The data is revealing. In northern BC, Chetwynd’s hospital was closed 196 times – the closest hospitals are over an hour away. The ER in neighboring Hudson’s Hope was closed 182 times. Mackenzie’s hospital was closed 177 times – patients were forced to drive to Prince George, more than two hours away. During the 2025 holiday season, repeated ER closures in 100 Mile House forced paramedics to drive patients nearly 100 kilometres to Williams Lake.

In each case, longer distances and delays placed added strain on paramedics, who must work harder to keep patients alive in transit.

Even when rural emergency rooms remain open, access to care is not guaranteed. Until recently, the northwest community of Stewart only had two medics to serve roughly 500 residents. When both medics were unavailable last summer (one on medical leave, the other on a much-needed vacation) 911 callers were told it would take up to five hours for responders to drive up from Houston.
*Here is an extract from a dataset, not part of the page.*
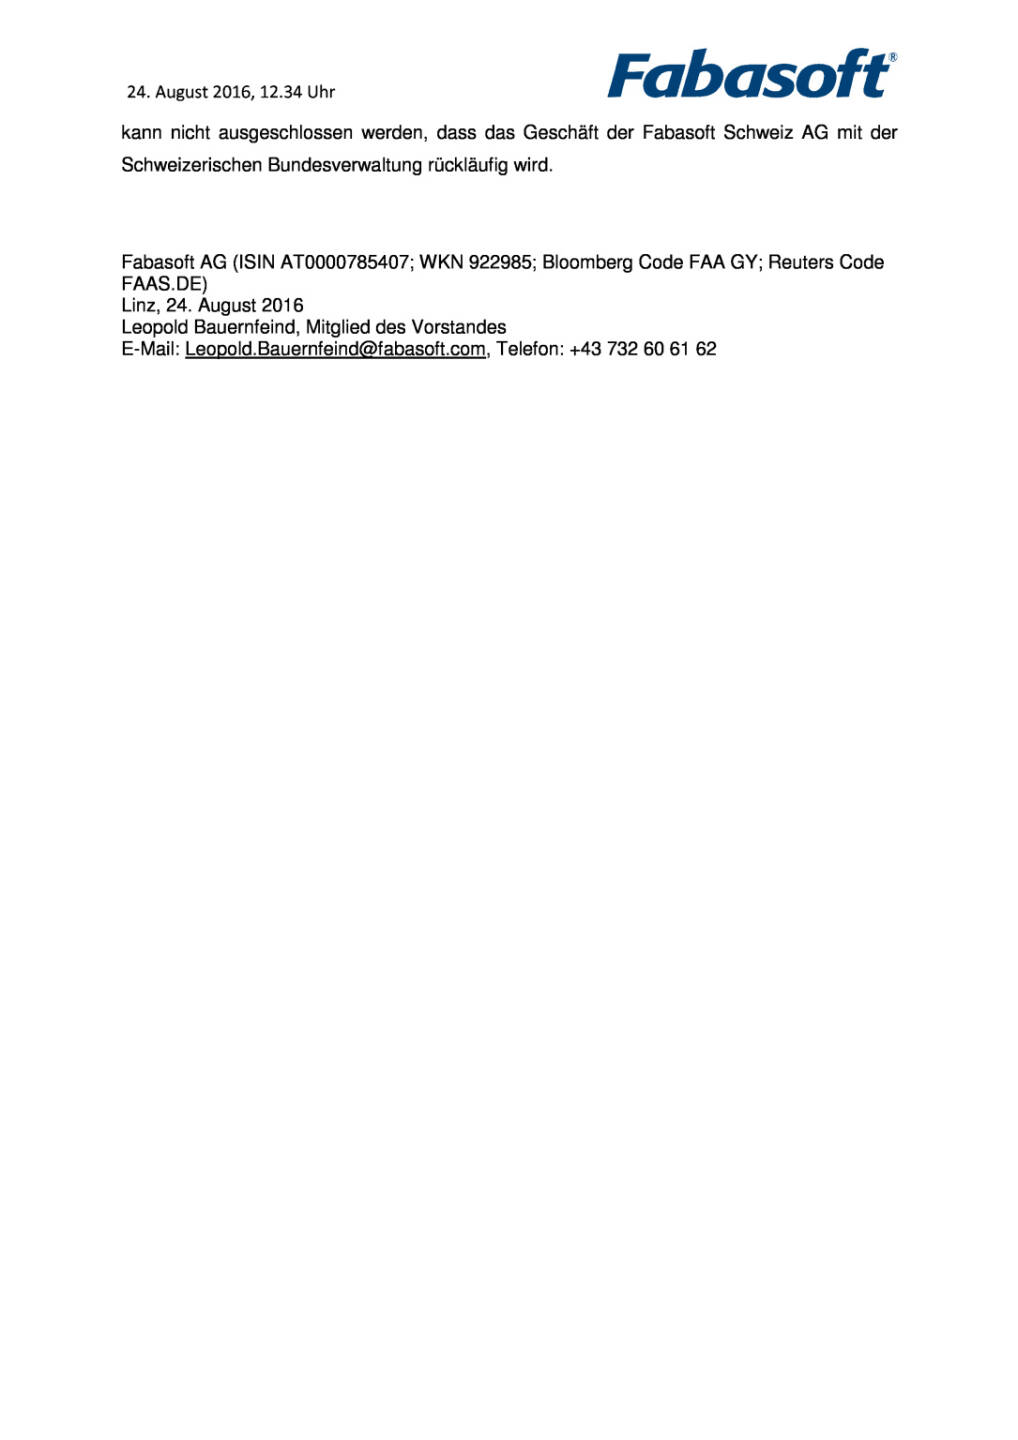 Fabasoft AG: Beschwerde bezüglich Ausschreibung zurückgewiesen, Seite 2/2, komplettes Dokument unter http://boerse-social.com/static/uploads/file_1669_fabasoft_ag_beschwerde_bezuglich_ausschreibung_zuruckgewiesen.pdf

The failure is not on these overextended medics, but on a system that refuses to make necessary investment in public healthcare.  As journalist Rob Shaw points out, northwest BC’s mining bonanza has led to “billions of dollars of industrial activity [flowing] in and around the community. And yet, it can’t even get basic emergency services from the province.”

Similarly, the northern town of Kitwanga, located about halfway between Houston and Stewart, has been lobbying the province for almost a decade to replace its ambulance station. The station is currently unusable due to mold infestation. In this case, the province is willing to fund paramedics for the town and the three local First Nations, but so far has refused to provide a safe site for them to work.

All of this is preventable. Addressing paramedic burnout requires more than mental health supports: it means eliminating the conditions that produce it. No healthcare worker should be forced to choose between stress leave and unsafe workloads, and no patient should have to travel hundreds of kilometres for basic emergency care.

What is needed is a major expansion of public healthcare, particularly community-based primary and preventative services, so that emergency rooms are not overwhelmed by unmet primary care needs. As the BC Rural Health Network has argued, the system must shift from a reactive model to one that proactively supports health and wellbeing in rural communities.

From a class perspective, the crisis reflects political choices about where resources are directed. Stopgap measures like a travelling paramedic program may provide temporary relief, but they do not address chronic understaffing rooted in underinvestment. At the same time, spending within BC’s health authorities has increasingly flowed toward administrative and corporate expenditures, while frontline services face shortages.

More broadly, public funds continue to be diverted toward military expansion and industrial enrichment rather than social needs. The result is a system that asks workers to do more with less while communities are left without care. Reversing this trend requires sustained public investment in healthcare infrastructure and staffing, and a reorientation of priorities toward meeting human needs rather than preserving existing economic and political arrangements.